---- DATASET CONTENT
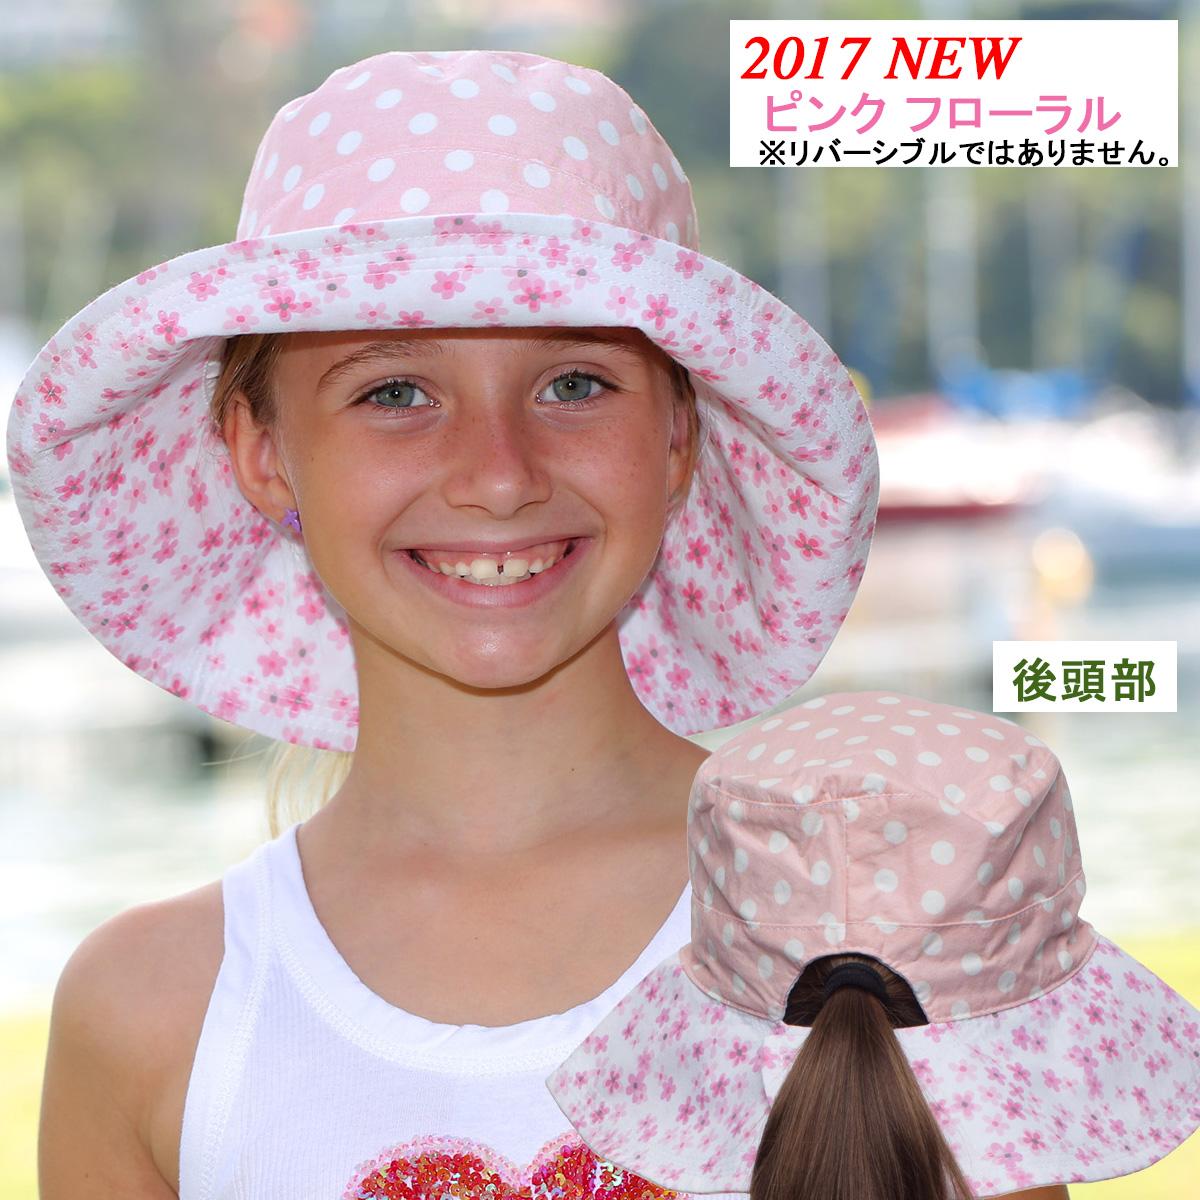 UV 切的帽子儿童)-孩子孩子的帽子-可逆的马尾辫帽子的孩子孩子们女士们 * 紫外线 (UV) 最大值为边境巡逻队 50 +
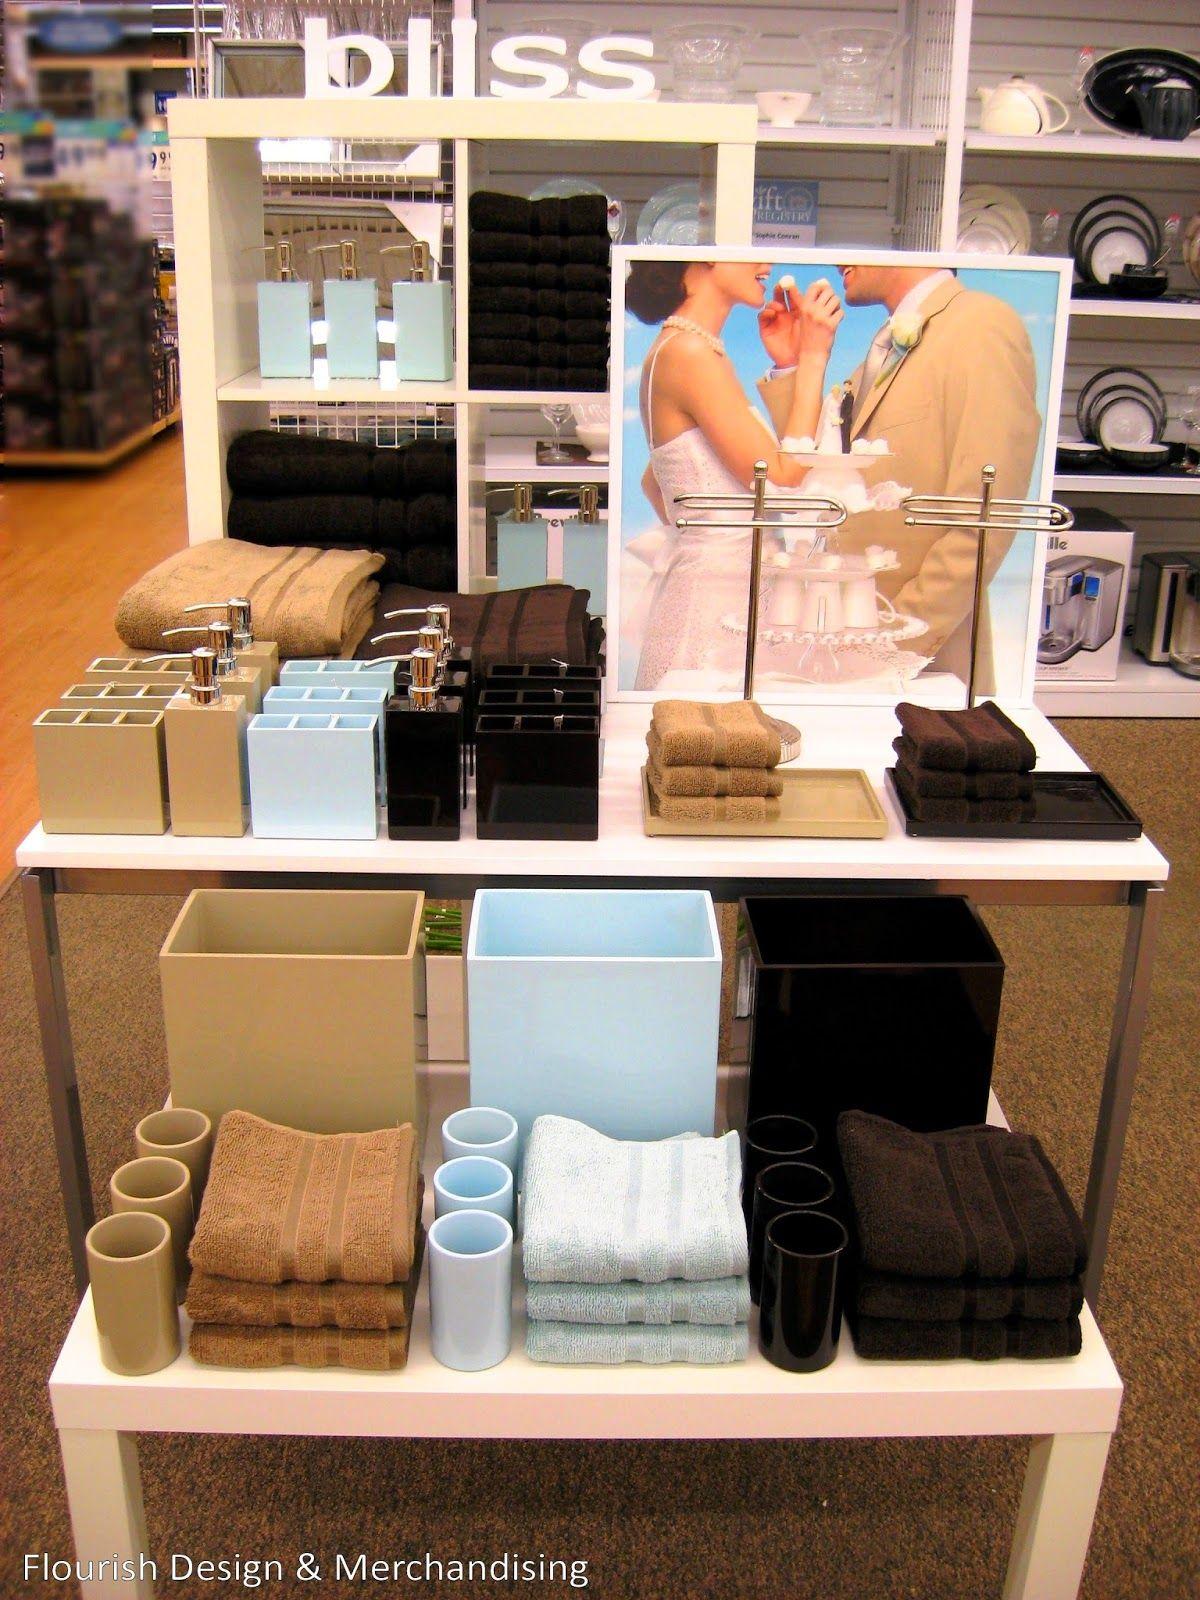 Spring Fever Visual merchandising displays, Towel
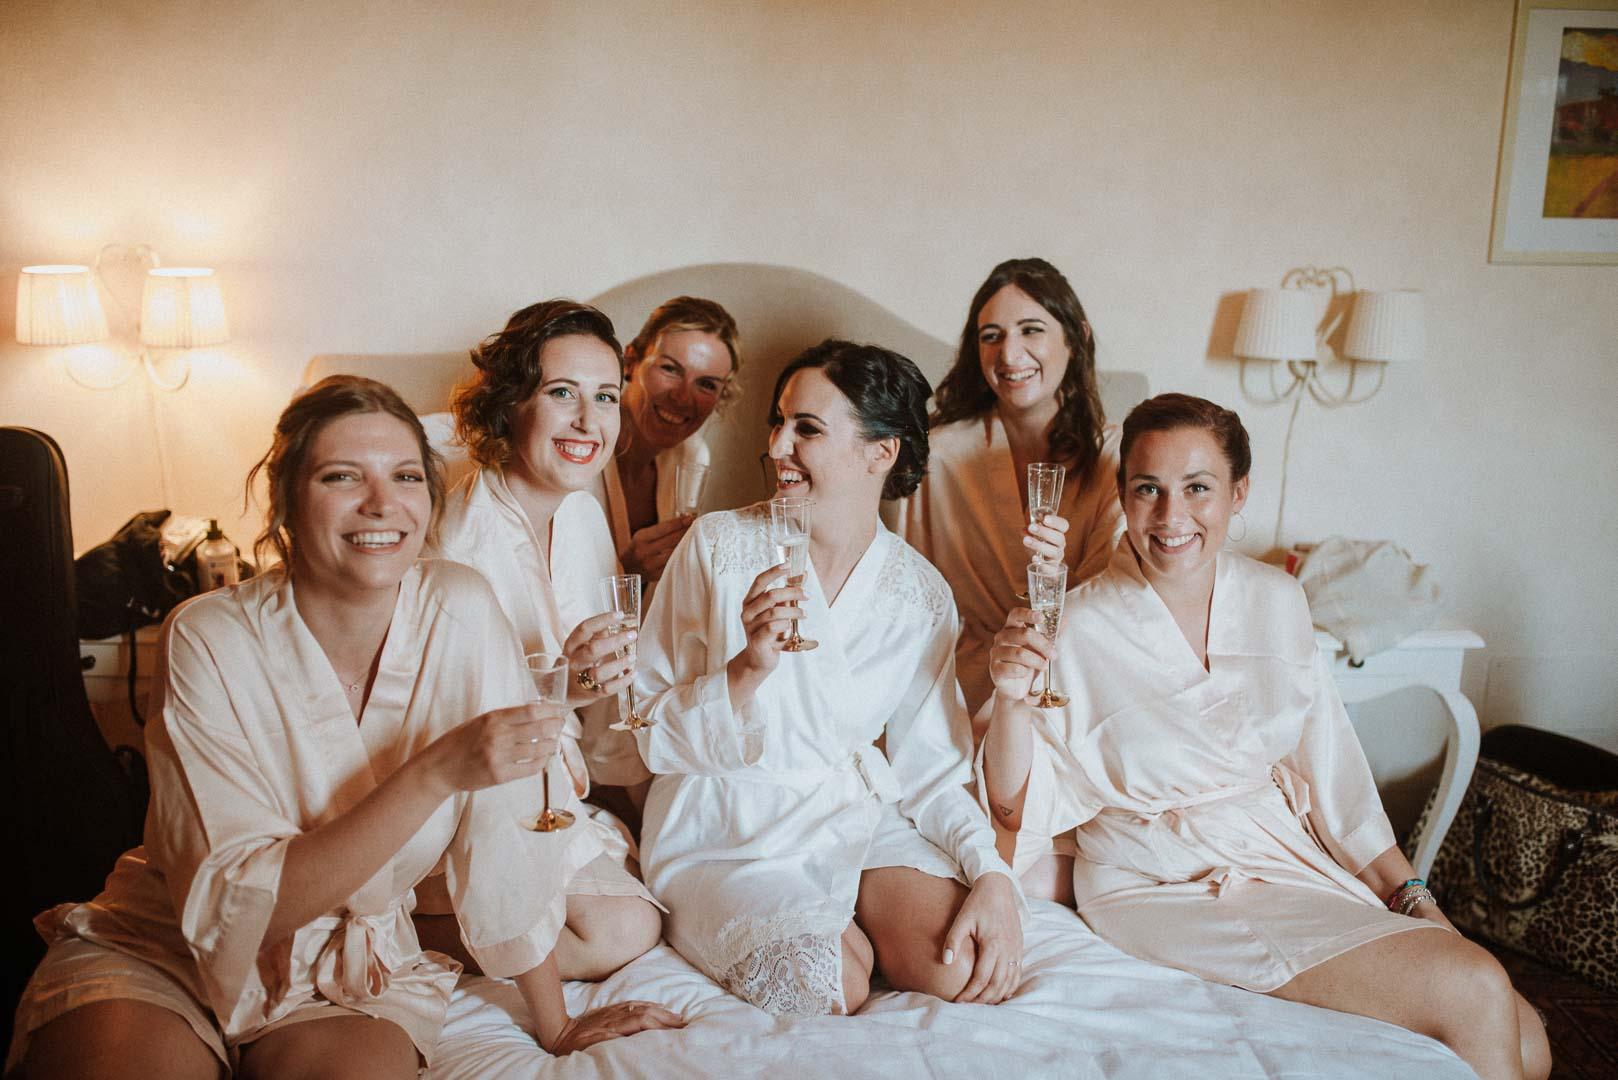 wedding-photographer-destination-fineart-bespoke-reportage-tuscany-villascorzi-vivianeizzo-spazio46-46
--------
*TASK DETAILS*. Write the data out again exactly, but without its images.

*SOLUTION*.
 UV 切的帽子儿童)-孩子孩子的帽子-可逆的马尾辫帽子的孩子孩子们女士们 * 紫外线 (UV) 最大值为边境巡逻队 50 +
 Spring Fever Visual merchandising displays, Towel
 wedding-photographer-destination-fineart-bespoke-reportage-tuscany-villascorzi-vivianeizzo-spazio46-46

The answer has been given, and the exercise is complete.